The more divergence there is the more distant the partnership has to be. And without an extension of the transition period beyond 2020, you cannot expect to agree on every single aspect of our new partnership. We will have to prioritise. 

The European Union has never reached a trade agreement with any of its partners in less than a year, most often the process taking much longer.

But Johnson is eager to brandish his Brexit credentials and reap what he considers to be the benefits of independence from Brussels.

Britain’s refusal to align itself with the bloc on issues such as environmental standards and workers’ rights could see UK companies face EU tariffs. 

But it would also give Britain much more leeway in negotiating a new free trade agreement with the United States and growing countries in Asia down the line.

London’s booming financial district would also be free from outside oversight that some in the sector fear, including the outgoing head of the Bank of England, Mark Carney.

“It is not desirable at all to align our approaches, to tie our hands and to outsource regulation and effectively supervision of the world’s leading complex financial system to another jurisdiction,” he told the Financial Times. 

Johnson’s meeting with von der Leyen, the first since she took office, will also be attended by Brexit Secretary Stephen Barclay and the EU’s chief Brexit negotiator Michel Barnier.

Number 10 said Johnson will underline that the forthcoming negotiations will be based on an ambitious free trade agreement, and not on alignment.
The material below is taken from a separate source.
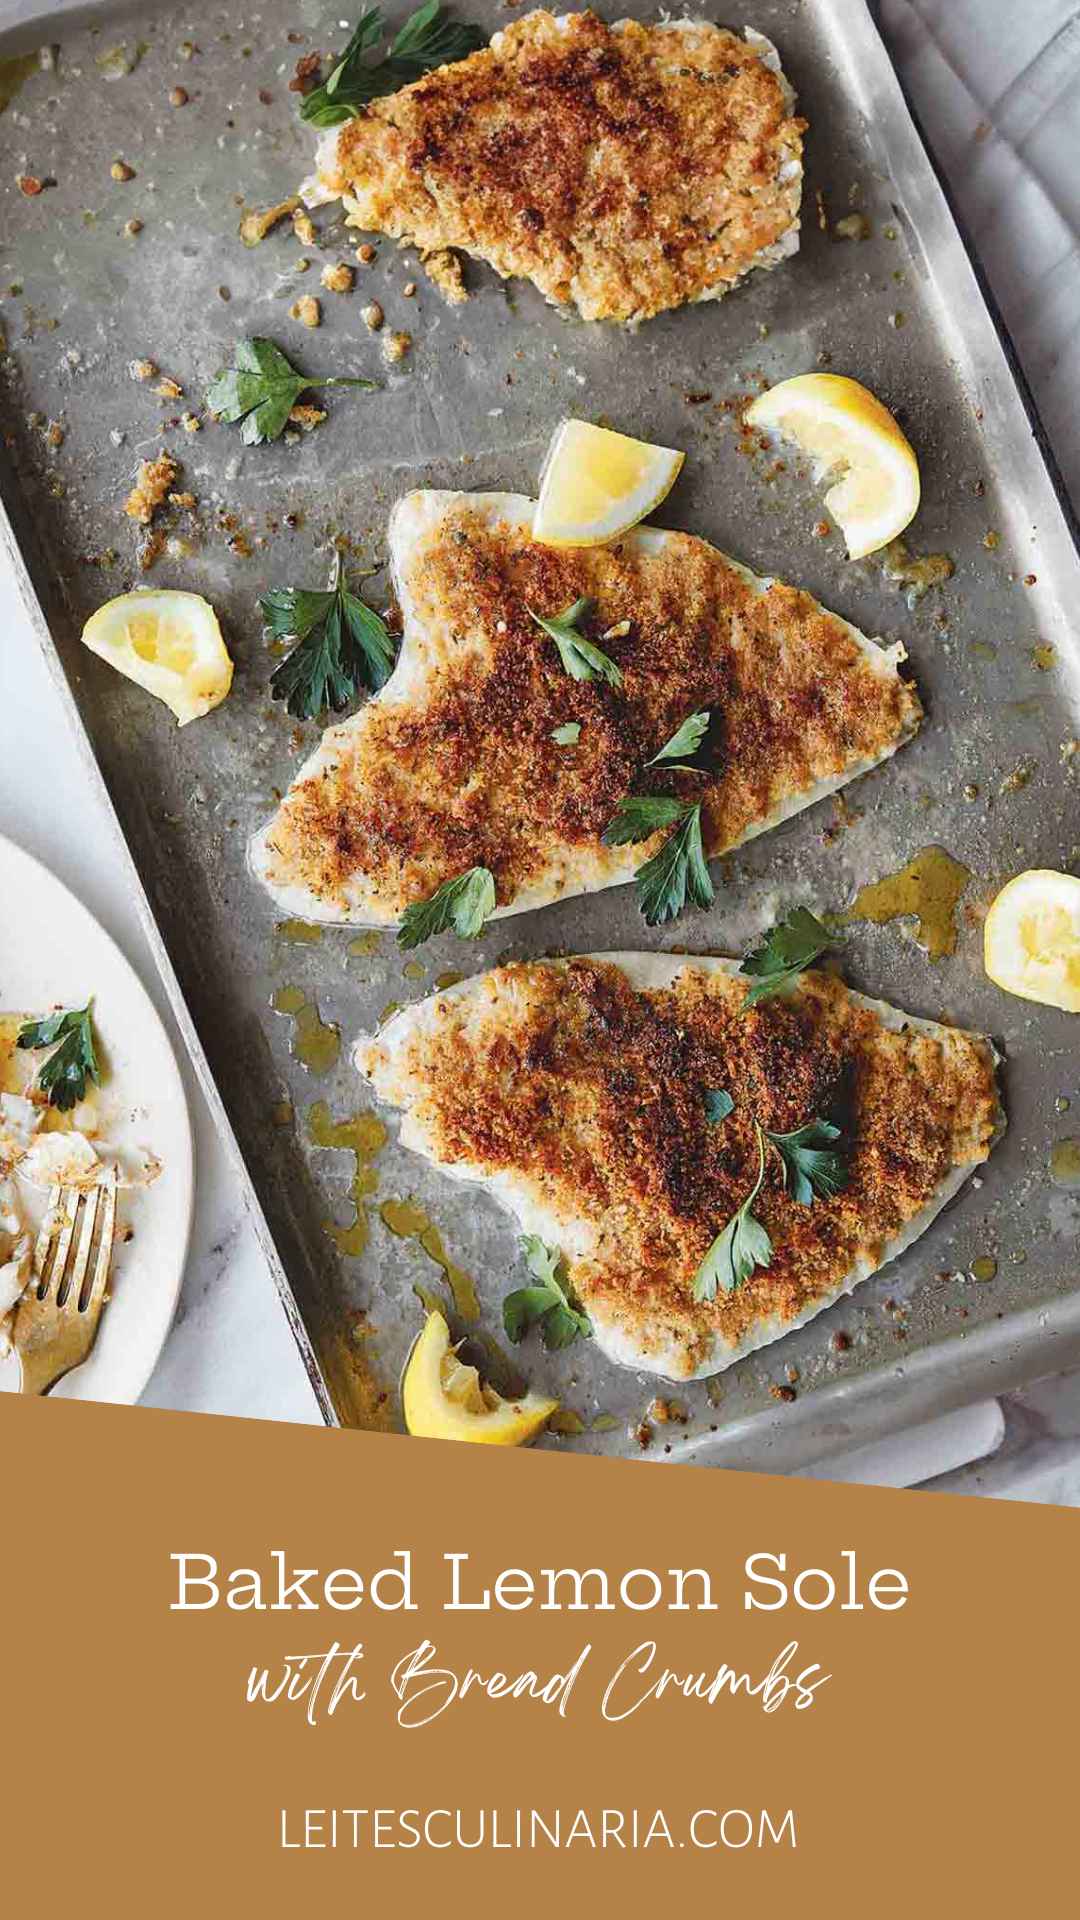 Three pieces of baked sole with bread crumbs and lemon on a rimmed baking sheet.

Brussels insisted on Monday that trade talks would not be on the agenda at the meeting.

European Commission spokesman Eric Mamer said the meeting would “set the scene” for the Brexit process, but in order to launch trade talks the European Council – made up of the 27 remaining EU nations – would need to approve a mandate “and we are not at that stage yet”.
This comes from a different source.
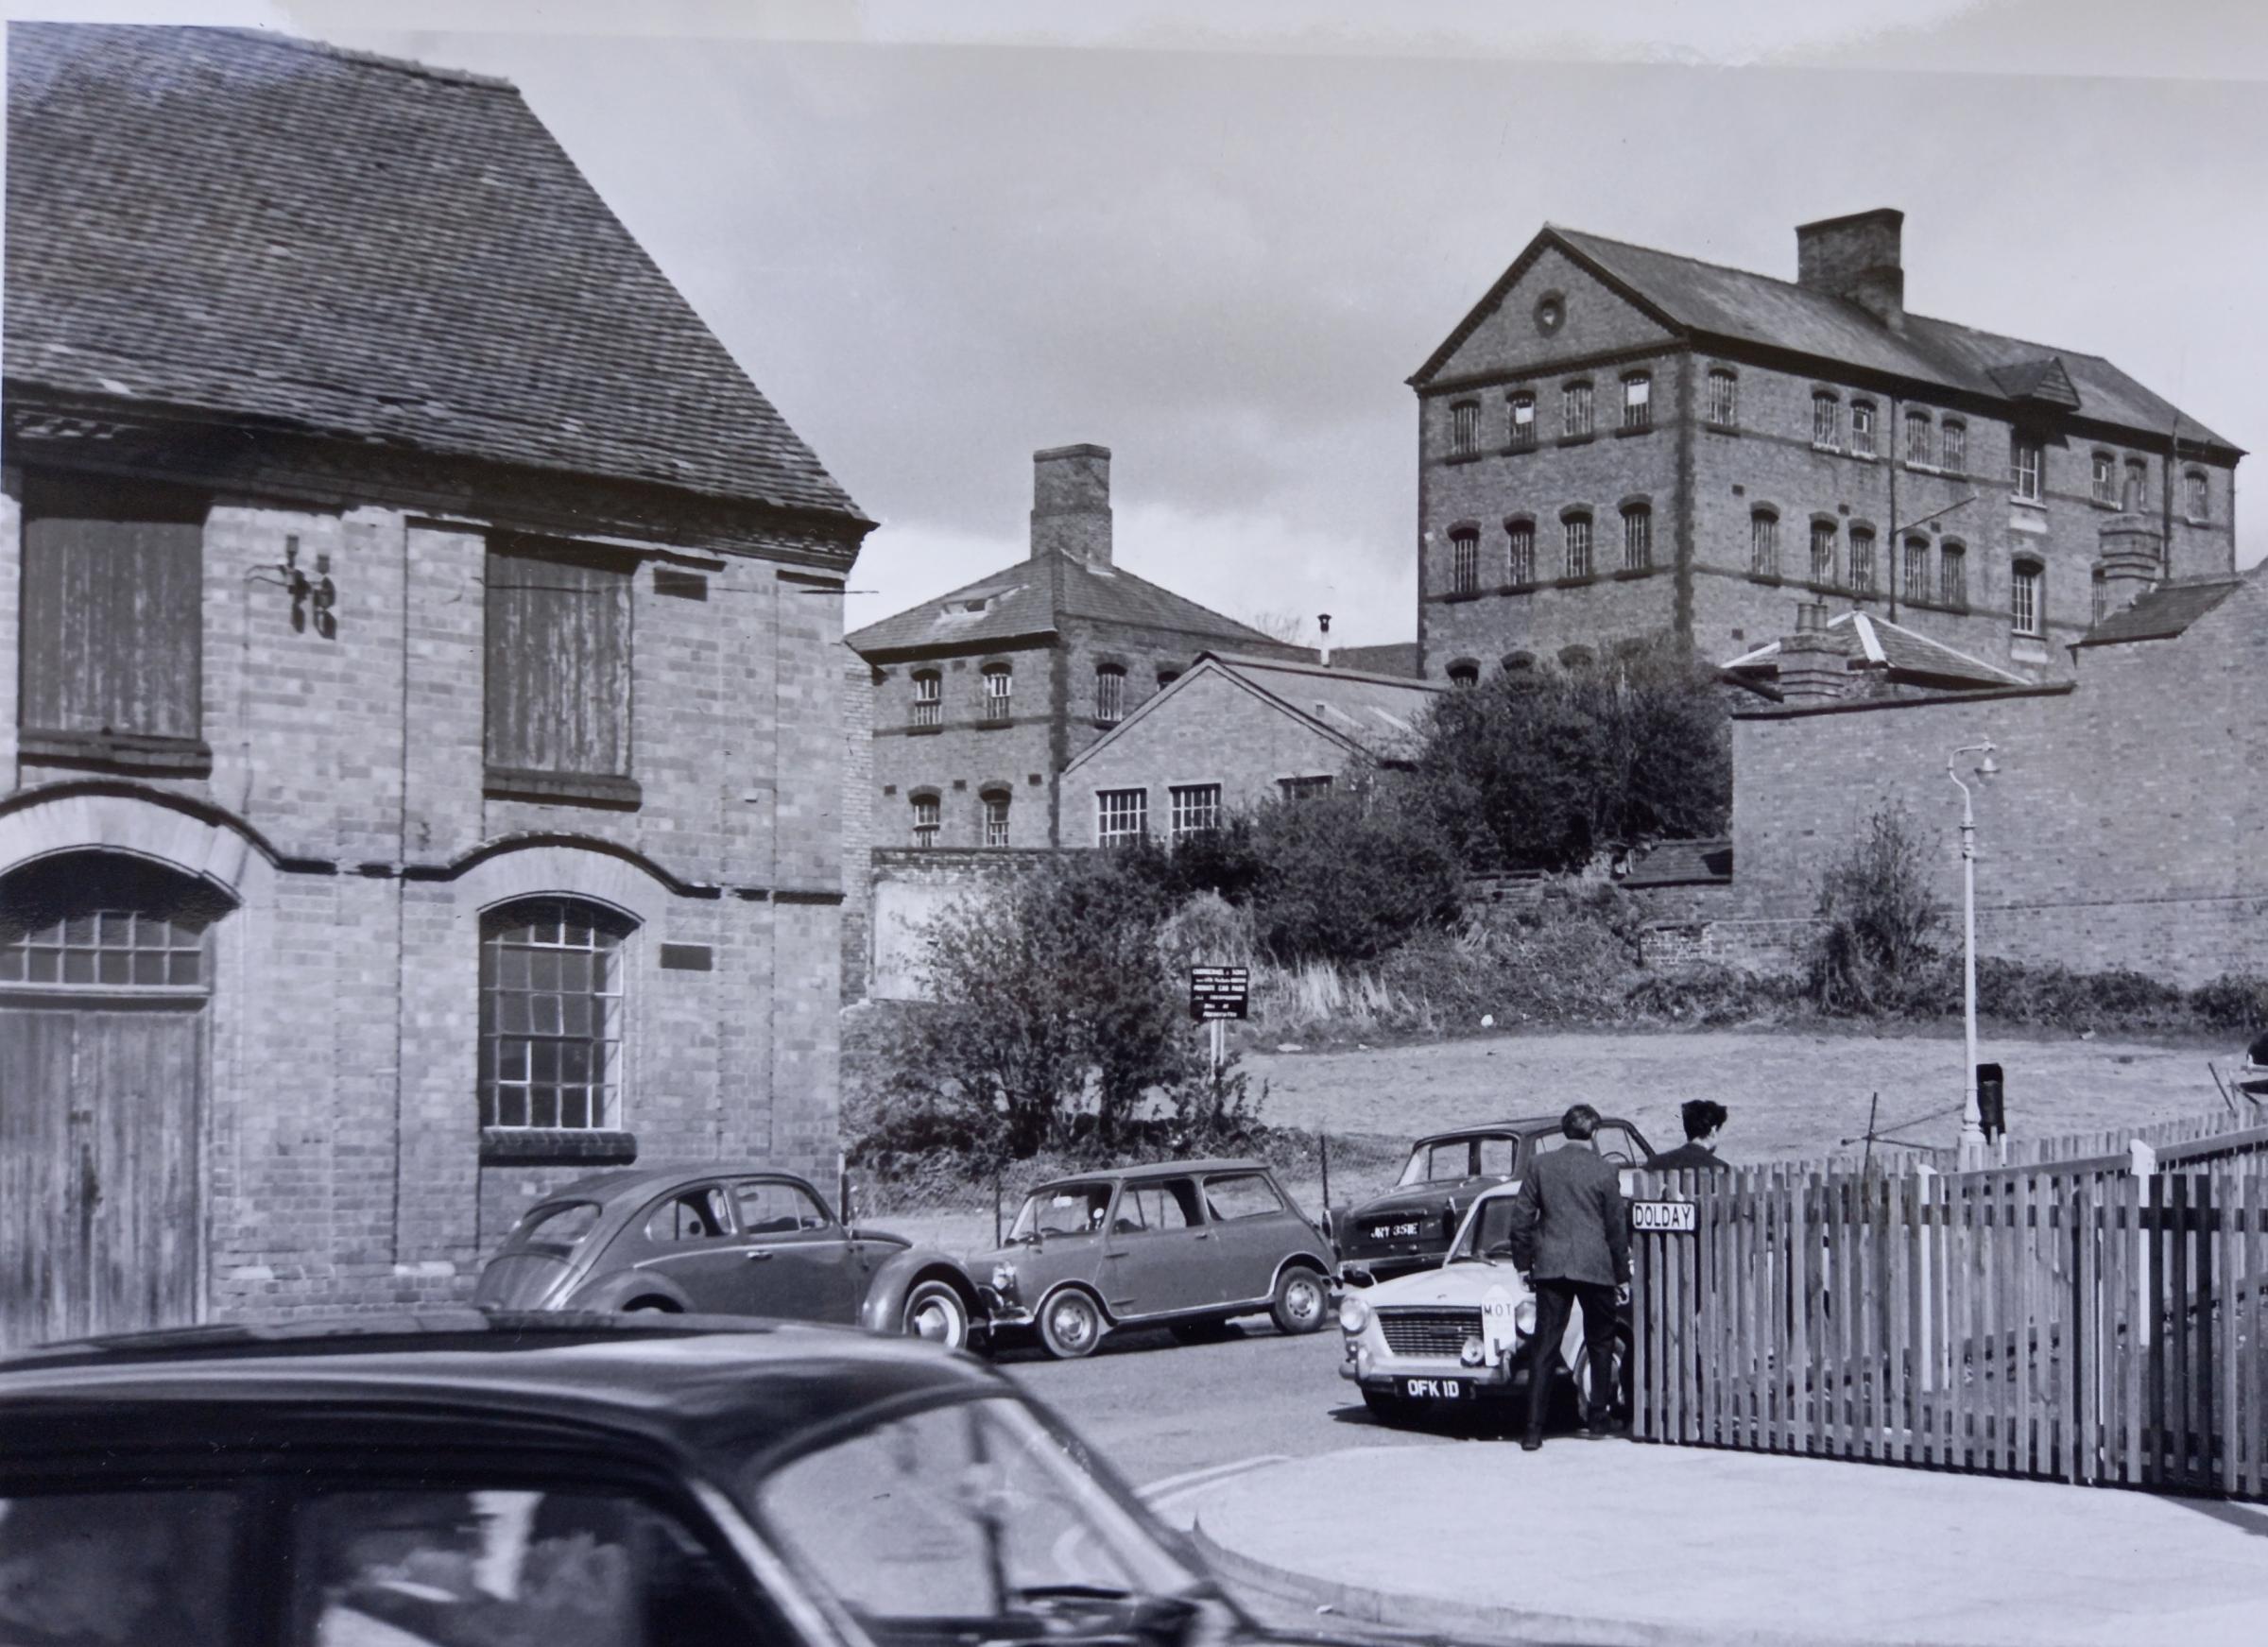 One of the last parts of old Dolday to be demolished, taken in the late 1960s

“This is not a meeting that will go into the details of the trade negotiation per se,” he added.

House of Commons

Meanwhile, MPs will continue to scrutinise the Withdrawal Agreement Bill (WAB) in the second day of its committee stage.

Yesterday, Brexit Secretary Steve Barclay insisted the government would stick to its EU departure timetable after facing calls to guarantee the UK will leave with a trade agreement.

The Cabinet minister said the Conservatives had committed in their manifesto to not extend the implementation period beyond December 2020.

Barclay expressed confidence in negotiating a trade agreement with the EU in the 11-month transition, but did not rule out a no-deal arrangement.

Clause 33 of the WAB seeks to prohibit ministers from trying to extend the implementation period, which would begin once the UK leaves the EU on 31 January.

Labour said the WAB is a “bad deal” for the UK and called on the government to come forward with proposals to show how it will avoid the “catastrophe of no-deal at the end of this year”.

xinhua-pictures-of-the-year-2019-world Ursula von der Leyen after being elected the next president of the European Commission. Source: PA Images

Today’s Commons debate on the Bill is likely to be dominated by an amendment demanding the Government continues to negotiate to take in lone child refugees from Europe after Brexit.

A clause containing a commitment to strike a deal with the EU so unaccompanied child refugees could continue to be reunited with their families in the UK after exit day was removed from the Bill when it was reintroduced to Parliament after the election.

Clause 37 replaces the pledge with a watered-down vow for ministers to “make a statement” on the progress of the talks once the divorce with Brussels is complete.

Labour leadership hopeful Keir Starmer and Alf Dubs, who fled from the Nazis on the Kindertransport to Britain when he was aged six, have written to all Tory MPs calling on them to vote against the Prime Minister’s “disgraceful” change.

It comes as the Telegraph reported that the EU has warned Johnson not to water down protections for its citizens living in the UK after Brexit.

The paper said Barnier raised “issues of concern” in a letter to Mr Barclay before Christmas, in which he was said to have highlighted the need for an independent watchdog to enable EU citizens to make complaints against the government.